### Your objective
All lines in the records below from the line with "一个上海胖妞减肥疯狂的真实感受!我饭前必须先看三遍成功的减肥方法最图片" through the line with "こどものとも年少版 みんなで はしろう" are to be given again exactly, both ends included; the pictures are to be left out.

### Exercise material
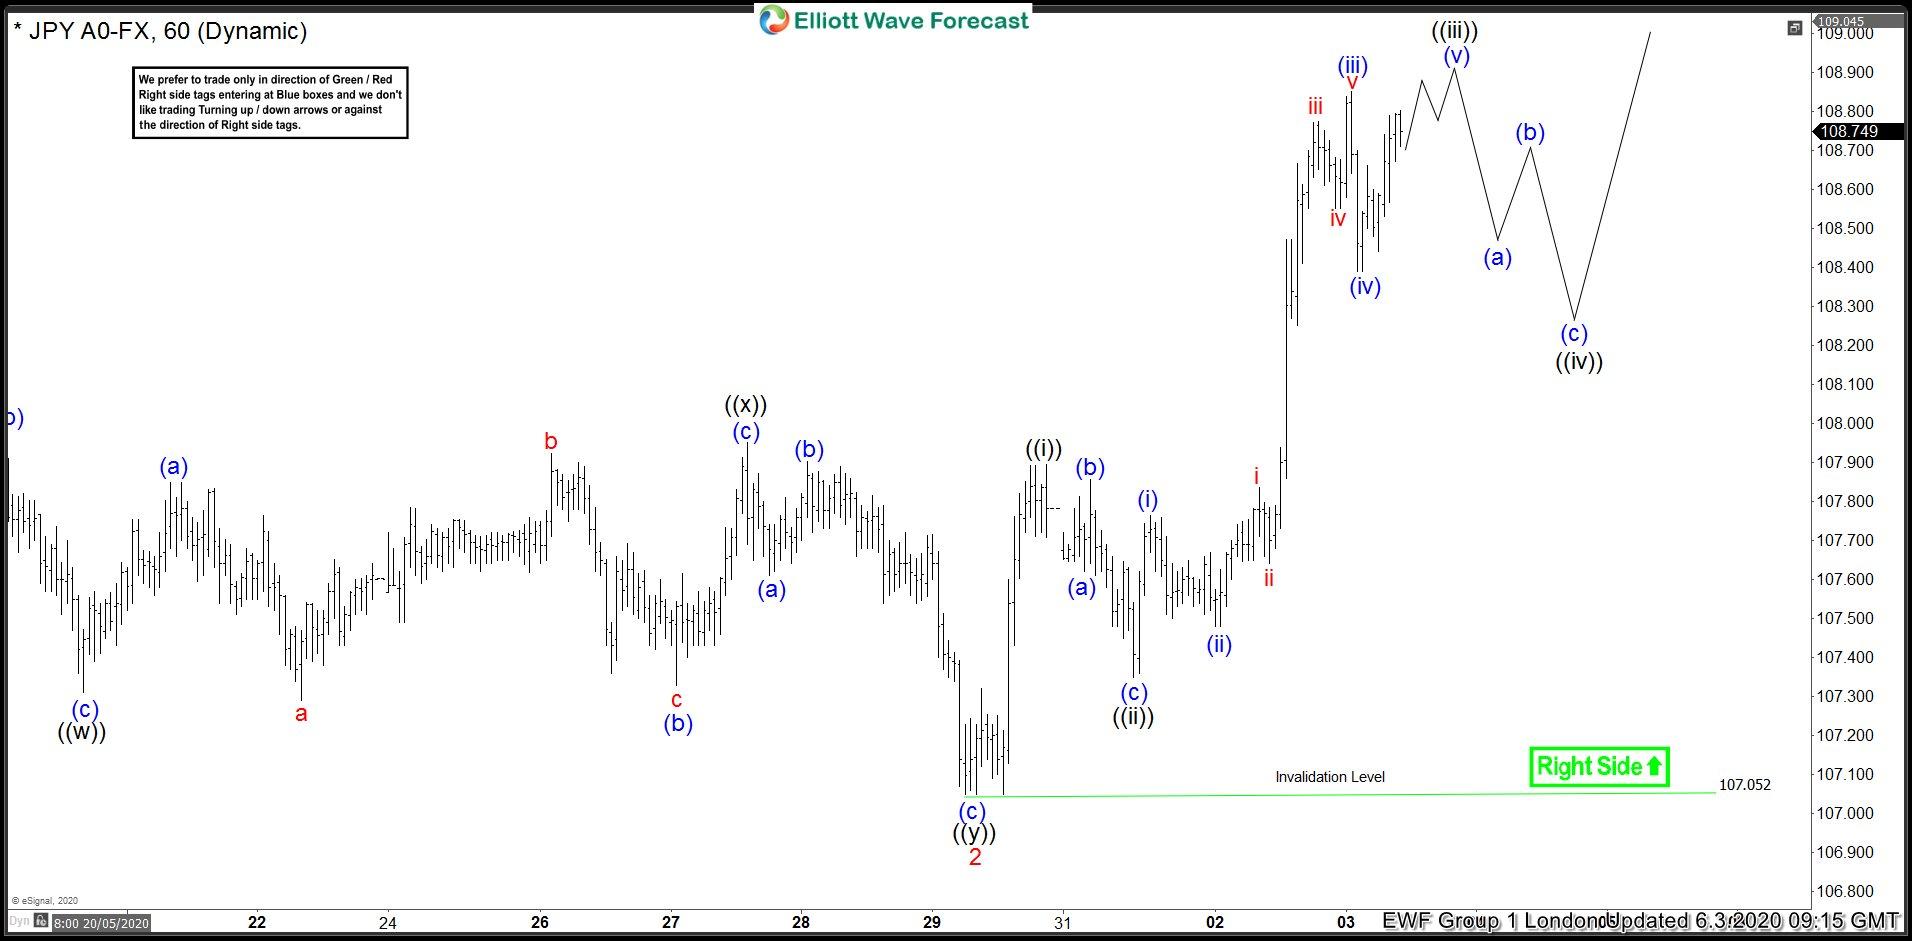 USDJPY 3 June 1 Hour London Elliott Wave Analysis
...
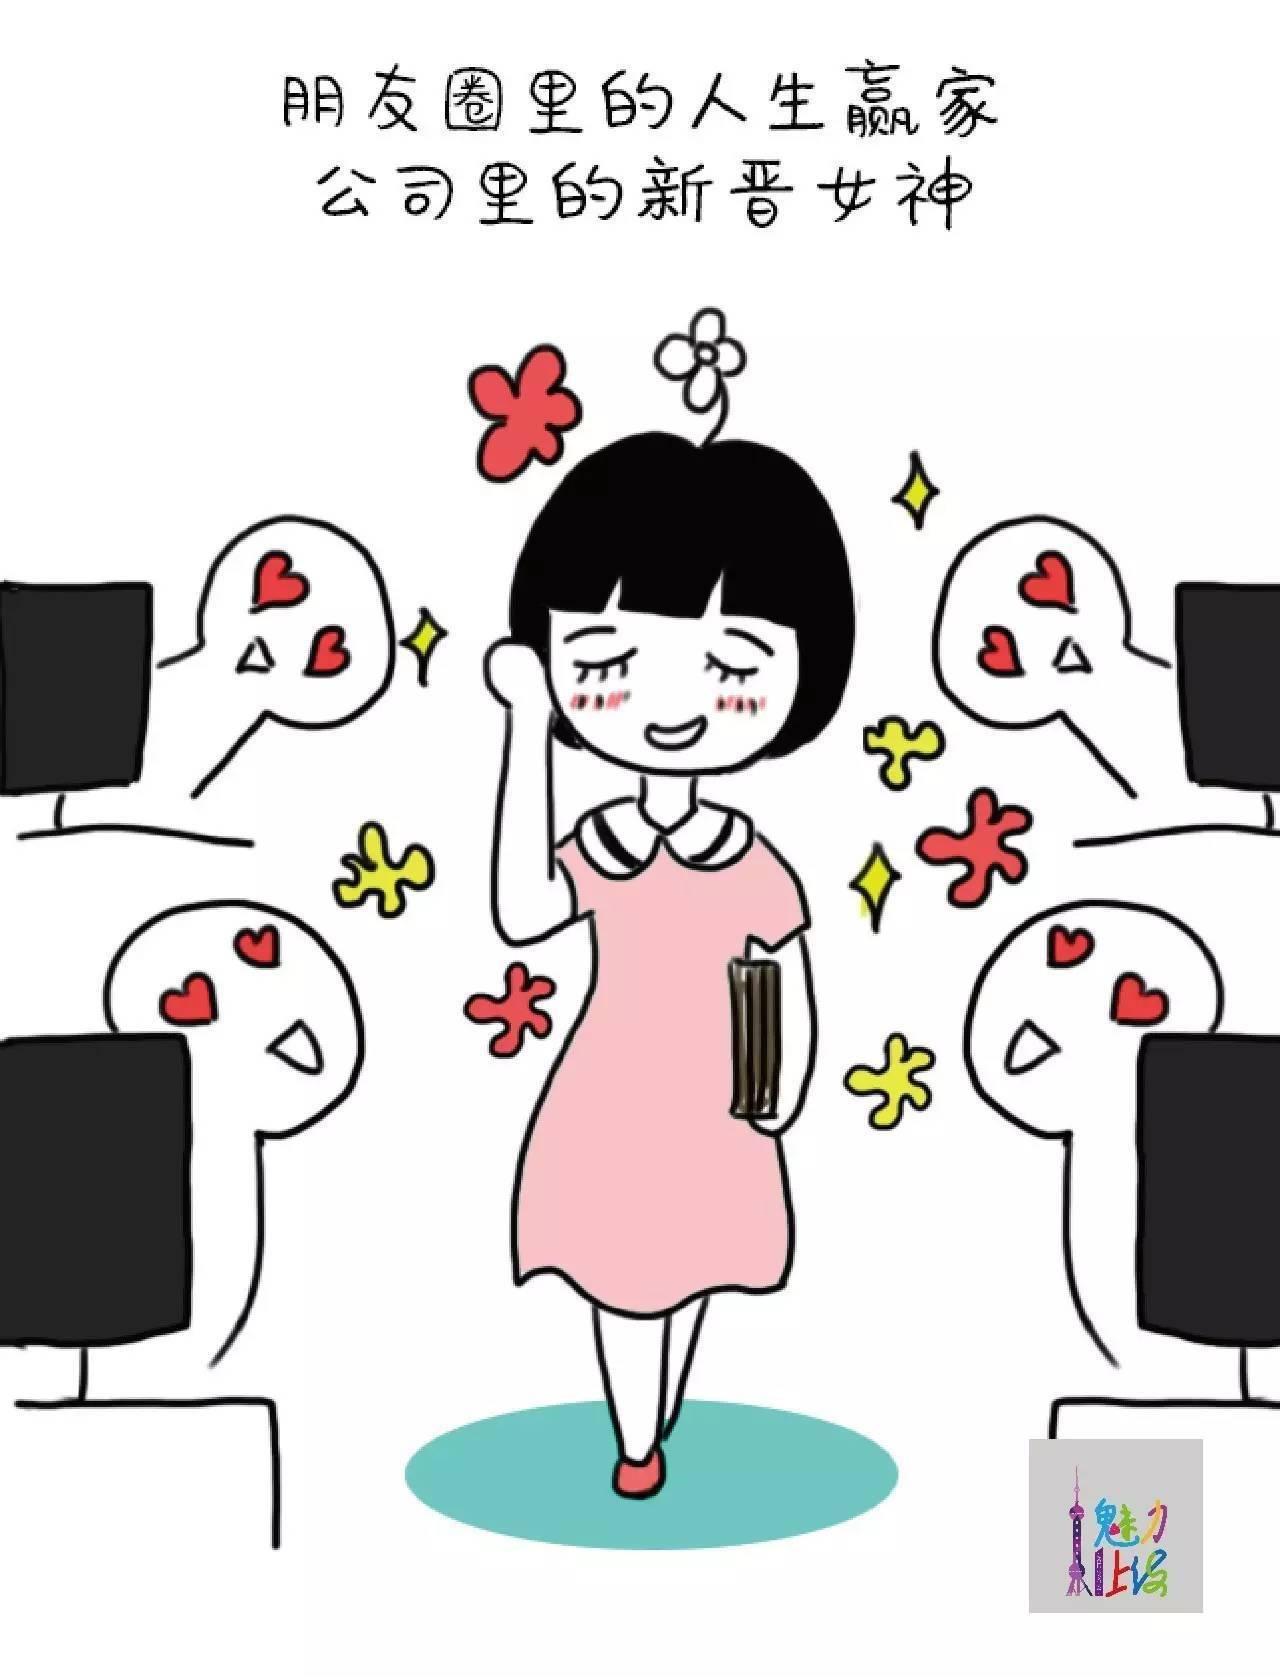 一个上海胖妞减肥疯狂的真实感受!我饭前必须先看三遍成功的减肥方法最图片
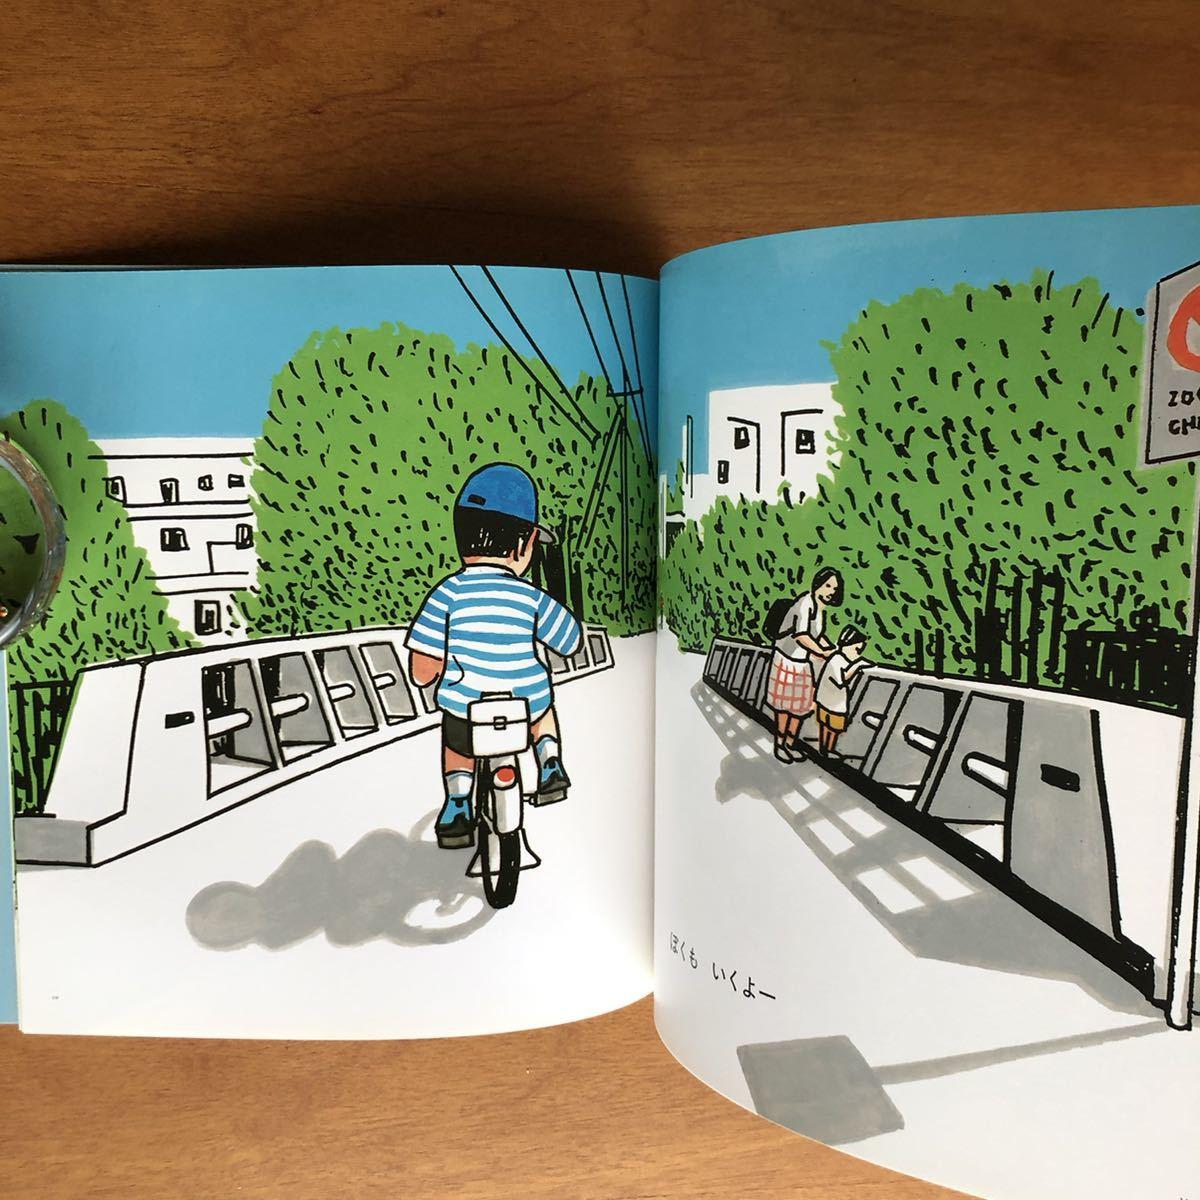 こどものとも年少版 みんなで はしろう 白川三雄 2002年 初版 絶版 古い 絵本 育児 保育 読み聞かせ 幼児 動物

### Result below
 一个上海胖妞减肥疯狂的真实感受!我饭前必须先看三遍成功的减肥方法最图片
 こどものとも年少版 みんなで はしろう 白川三雄 2002年 初版 絶版 古い 絵本 育児 保育 読み聞かせ 幼児 動物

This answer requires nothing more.